First Industrial Realty Trust, Inc. (FR - Snapshot Report) initiated a new at-the-market (ATM) equity-offering program. The company plans to sell shares up to $13.3 million for an aggregate offering price of at most $200 million, from time to time, based on market conditions and capital requirements.
Notably, this new ATM program replaced the earlier one, which was terminated on Mar 12, 2014. A consortium of renowned financial institutions such as Baird, Wells Fargo Securities of Wells Fargo & Company (WFC - Analyst Report) , Mitsubishi UFJ Securities of Mitsubishi UFJ Financial Group, Inc. (MTU - Analyst Report) and BofA Merrill Lynch of Bank of America Corp. (BAC - Analyst Report) will support First Industrial Realty as the sales agent for the ATM offering.
First Industrial Realty plans to use net proceeds from the shares sale for general corporate purposes – such as funding proposed acquisitions and other related investments as well as reducing the debt level.
We believe that the above-mentioned transaction by First Industrial Realty will provide it financial flexibility and position it favorably to pursue expansion opportunities, which will go a long way in enhancing top-line growth.

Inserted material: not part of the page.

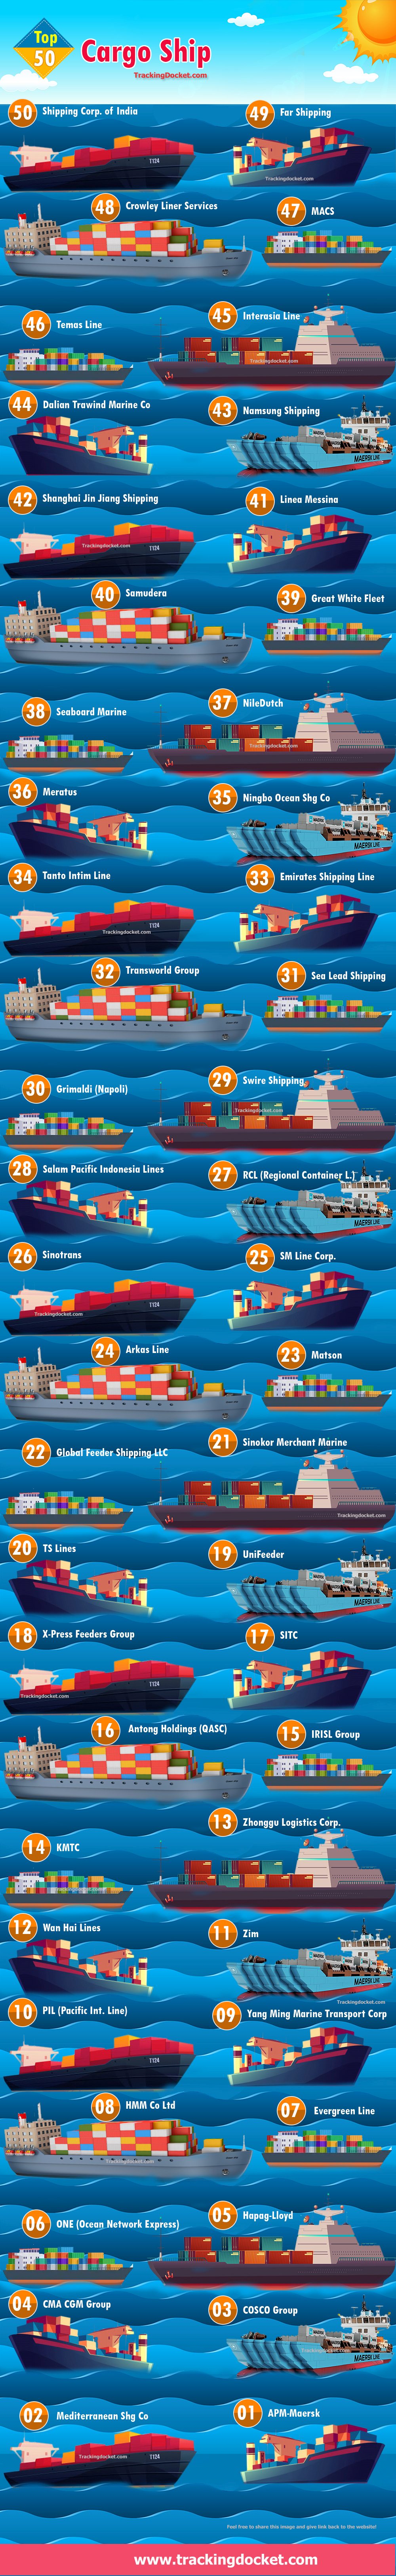 Biggest shipping companies in the world explained with an infographic

Though, the share dilution impact of the transaction is unavoidable.
In late February, First Industrial Realty reported fourth-quarter 2013 funds from operations (FFO) per share of 27 cents, which missed the Zacks Consensus Estimate by a penny. Nevertheless, this came above the prior-year quarter figure of 18 cents.
The year-over-year increase was attributable to solid occupancy gains and operating portfolio performance. Consequently, this industrial real estate investment trust (REIT) also hiked its first-quarter 2014 dividend by 20.6% sequentially. Moreover, as of Dec 31, 2013, the company’s cash and cash equivalents stood at $7.6 million, up from $4.9 million at the end of 2012.
First Industrial Realty currently carries a Zacks Rank #2 (Buy).
Note: FFO, a widely used metric to gauge the performance of REITs, is obtained after adding depreciation and amortization and other non-cash expenses to net income.